Former federal and state politician John Brumby had a piece in THE AGE on Tuesday “Australia needs to start making its own luck” warning of ‘dog days’ and Australia heading down ‘the Greek road’. Although Brumby clearly followed the neo-liberal economic textbook, both sides of politics should be prepared to openly address our precarious economic situation – because Australia once did lead the world in political initiative. We should revisit this history in order to help respond to current socio-economic challenges: most particularly, the Progressive Era, 1890 – 1920. [*]

Australia had experienced the 1890s depression generated by the bursting of the 1880s bubble in land prices, and seeking to preclude any repetition, all sides of politics began to see merit in the ideas of the American Henry George who had toured in 1890, addressing large crowds in the eastern states and South Australia. George’s arguments in favour of the ‘single tax’ on land were very fresh in peoples’ minds at federation – and the Commonwealth government introduced a federal land tax in 1910.

Nor were property speculators welcome in Canberra, where a greenfield site was chosen for the new capital in 1908.  Its land was to be leasehold only, and the ongoing site rents would help sustain the city.

State and local governments meanwhile continued to construct dams, bridges, highways and streets out of part of the uplift in land values these capital works delivered to all title holders.

But the days when Australia had the best standard of living in the world have long gone. Nothing must now interfere with our speculative real estate proclivities. As our freeways become tollways, we cast about, wondering how we can possibly expand the rail network.

There are extremely good reasons Australia should review its past. Not all old ideas are bad ideas.

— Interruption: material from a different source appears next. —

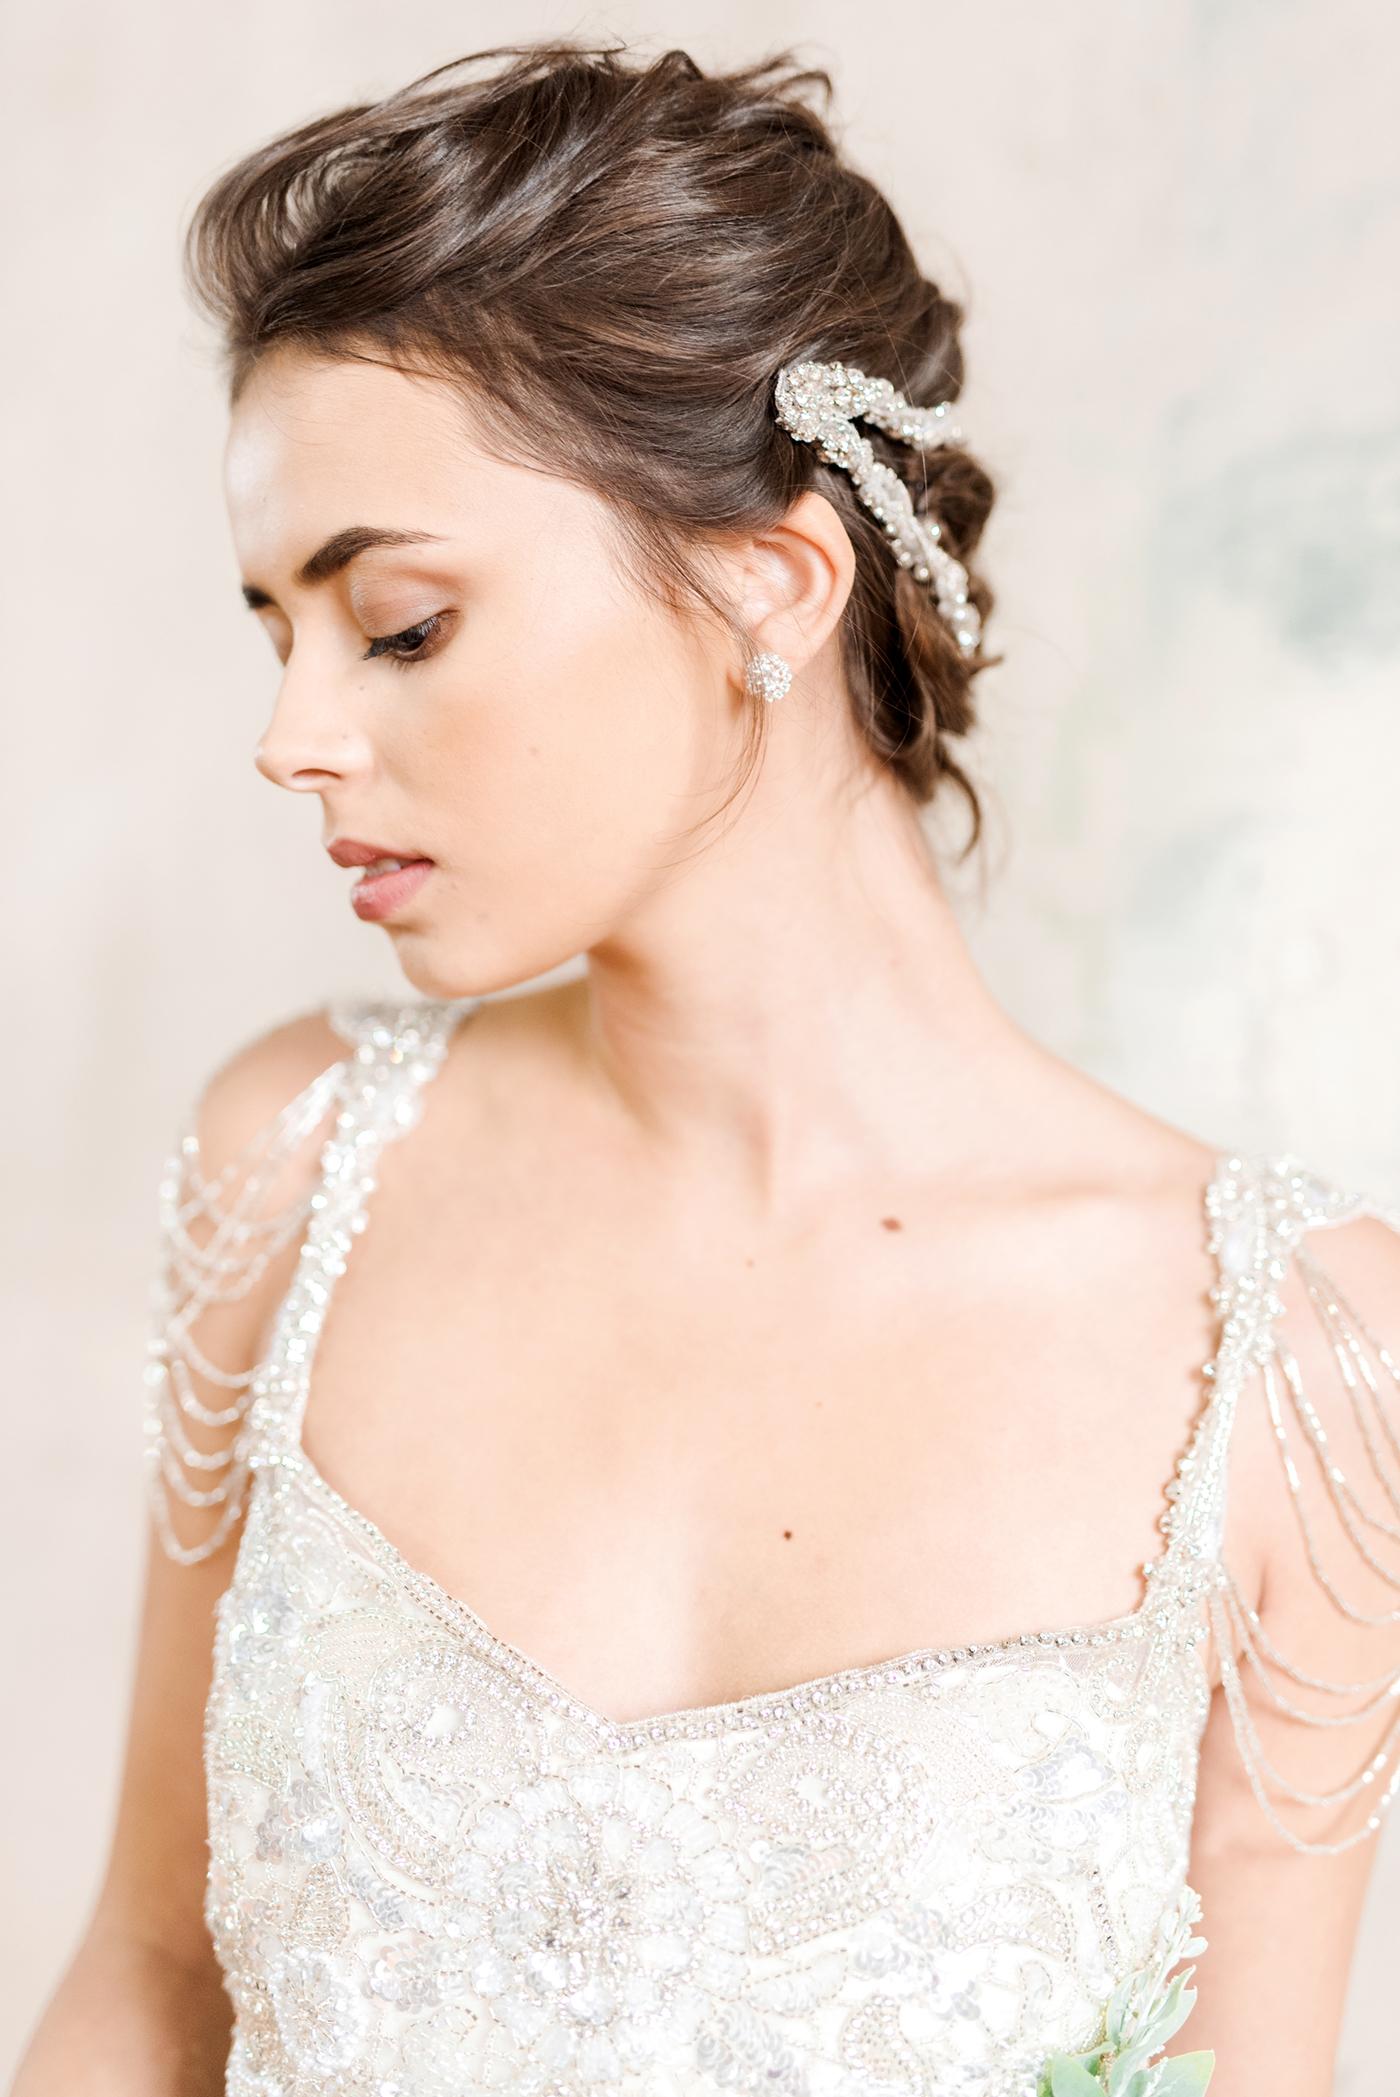 Anna Campbell Bridal   Chloe Dress   Vintage Inspired Beaded Wedding Dress   Eternal Heart Collection
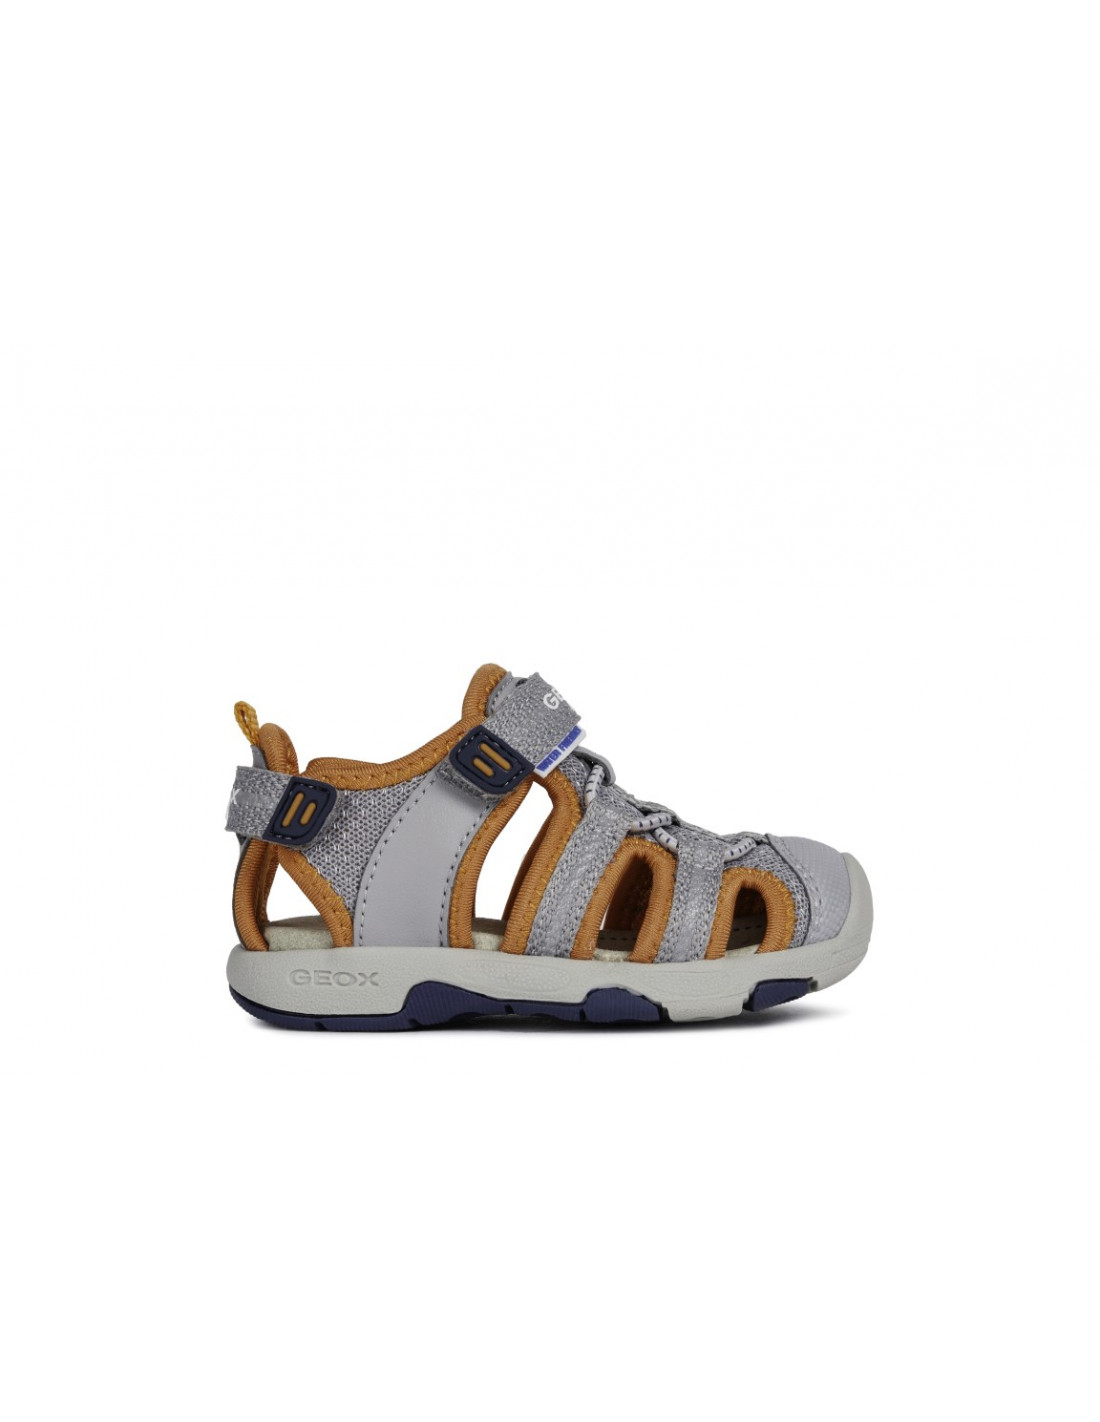 5aa2f2cd0 sandalia geox para niño transpirable flexible y amortiguada color gris

[*]  The period was notable for its drive against corruption, and supporters of the ideas of Henry George loomed large. Lloyd George’s “Peoples’ Budget” of 1909, which incorporated a land tax, exemplified the times in Britain.  Strong mayors in the USA, the likes of Al Smith, Tom L Johnson, Brand Whitlock, Daniel Hoan, Edward Robeson Taylor, “Sunny Jim” Rolph and Hazen Pingree instituted land tax measures to encourage capital works that would resurrect their cities.